TIKI LOVERS is the Rum brand created by Stephan Berg and Alexander Hauck. Stephan and Alexander are also the founders of the highly successful worldwide brand THE BITTER TRUTH. While they had already branched out into the tropical category with liqueurs like Falernum and Pimento Dram, they had little interest in expanding the THE BITTER TRUTH portfolio into pouring spirits. During one of their many trips as ambassadors for their brand, Stephan and Alexander had an experience in a Tiki - themed bar, where the drinks – due to the chosen rums – tasted flat and in need of improvement. It was then the idea of creating a range of blended rums ideal for use in Tiki cocktails was born.

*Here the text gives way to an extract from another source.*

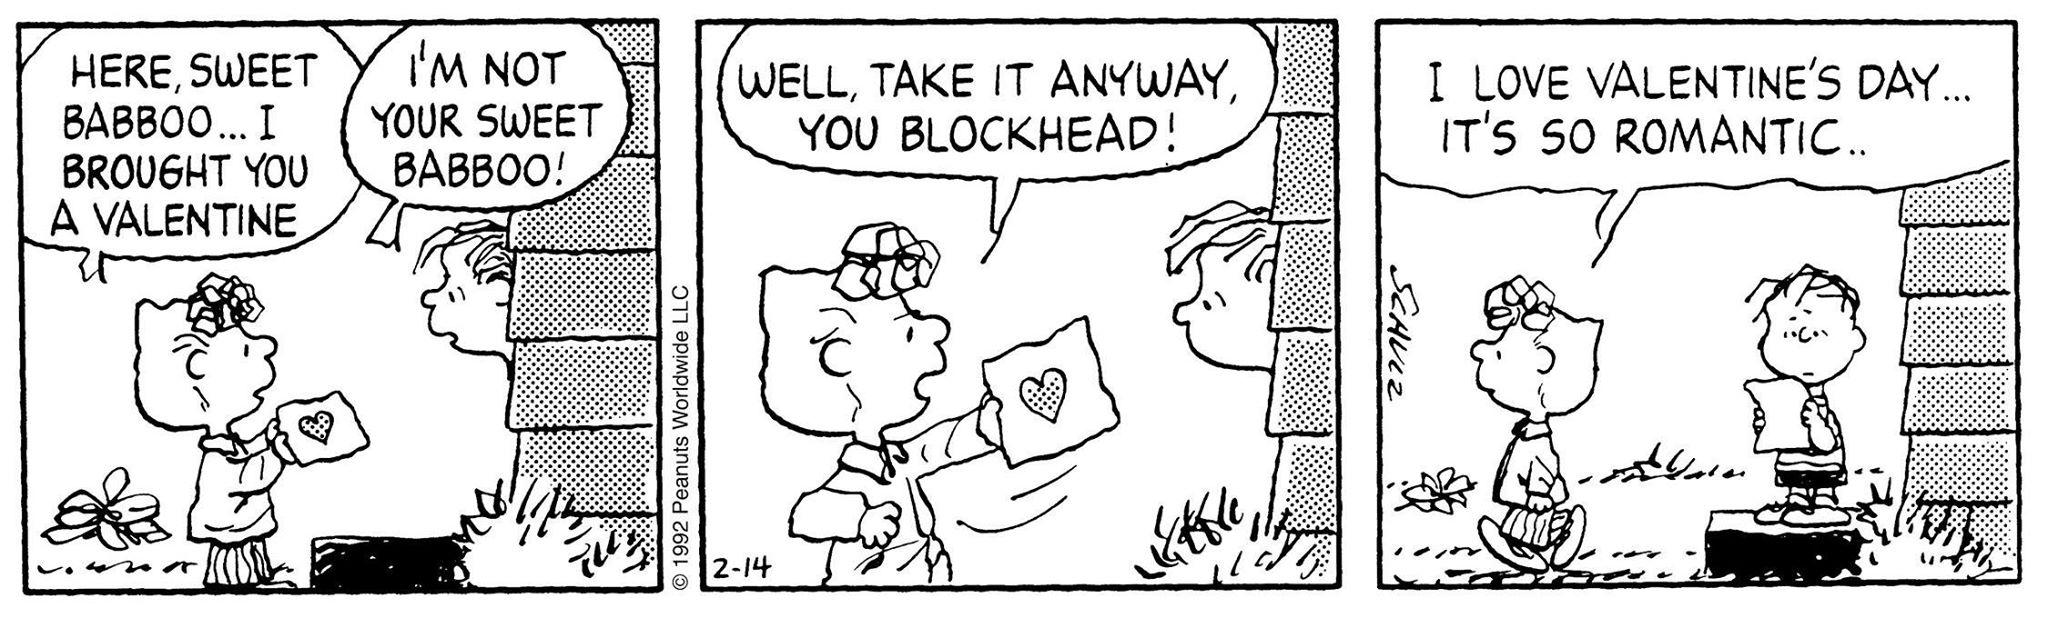 TTBBM My Valentine, Charlie Brown #MondayMemories

Both Stephan and Alexander have great affection for rum, rum-based cocktails and Polynesian pop culture, and have therefore created the TIKI LOVERS range, choosing the best rums from the Caribbean for the ultimate taste experience. TIKI LOVERS Rums are inspired by the heritage of mixing tropical drinks and the Polynesian- Anglo-American mixed influences on art and literature. High quality, flavorful rums to truly improve famous tropical drinks like the Mai Tai, Daiquiri, Rum Punch etc., with excellent, intense base spirits, but at sensible pouring costs. But not just for Tiki drinks or tropical cocktails, any rum-based drink will taste better with TIKI LOVERS Rum.
Throughout Stephan’s earlier years as a seafarer, he traveled the tropics and experienced rum making first hand in the Caribbean islands of Jamaica, Trinidad, Cuba and Barbados. It was there he learned about the heritage of rum making, blending and drinking. Alexander, a designer, bartender and passionate Rum aficionado, was an early admirer of Polynesian pop art & culture – even more so after his first visit at the »Mai -Kai« in Fort Lauderdale, a Tiki temple built in 1956 which is still in existence. It was there he – intoxicated by Polynesian dance performances and Tiki drinks – scribbled down his first ideas for the label of their new rum brand. All TIKI LOVERS Rums are all natural and at higher proof. Not only because this reduces pouring costs, but also because it improves the intensity, flavor and taste!
Tiki Lovers White Rum is a delicious blend composed of aged and unaged Rums from the Caribbean, with the backbone of TIKI LOVERS White Rum coming from the lush and fragrant shores of Jamaica. Distilled at some of the island’s most famous distilleries, Monymusk and Worthy Park, with the heritage of rum-making dating back to the year of 1741. Jamaican Rum is world- renowned for its distinctive flavor and high quality and was therefore our first choice when we were looking for saporous and tasty rums that would lead the aroma structure of our blend. The chosen unaged rums are potstill distilled and are heavy with esters, creating the impression of rich banana flavor and cooked fruits. The blending process, a fine art for centuries, includes rum, aged up to 5 years, from Trinidad’s most famous distillery. The rum is then stripped of color by charcoal filtration, but maintains its full flavor, intensified by the ageing time in black charred, old Bourbon barrels. In a final flourish, a crisp, fresh and crystal -clear column still rum from Trinidad is added, creating a premium white rum, at a sumptuous 50% Alc. Vol. with complex fruity and floral notes.
Tiki Lovers Dark Rum is bottled at a hefty English proof. At 57% Vol. it is the perfect marriage between unaged Jamaican pot-still rum from the famous Hampton Estate—Jamaica’s only distillery fully dedicated to heavy pot-still rums—and rum from Barbados, aged between 2 and 3 years, distilled at Foursquare distillery. Both Rums come from Caribbean islands where Rum has been distilled for centuries, dating back to the 1700s. The barrels of the chosen Barbados Rum age on tropical shores, exposed to the sea breeze, warm climate and are high on evaporation rate, leading to a more complex and balanced spirit. The final touch is a small blend of fresh column-still rums from both Trinidad and Guyana for ultimate complexity, rounded-off with 3-5 years-old Trinidadian Rum. TIKI LOVERS Dark Rum was created in 2011 and is a complex, rich and masculine rum with hints of vanilla, dark fruit, molasses and spice, evoking the flavor of the Caribbean Islands and its beloved rums that make drinks shine. TIKI LOVERS Dark Rum is fantastic on its own but shines bright in cocktails like the Mai Tai, Rum Punches, Fog Cutter and Zombie.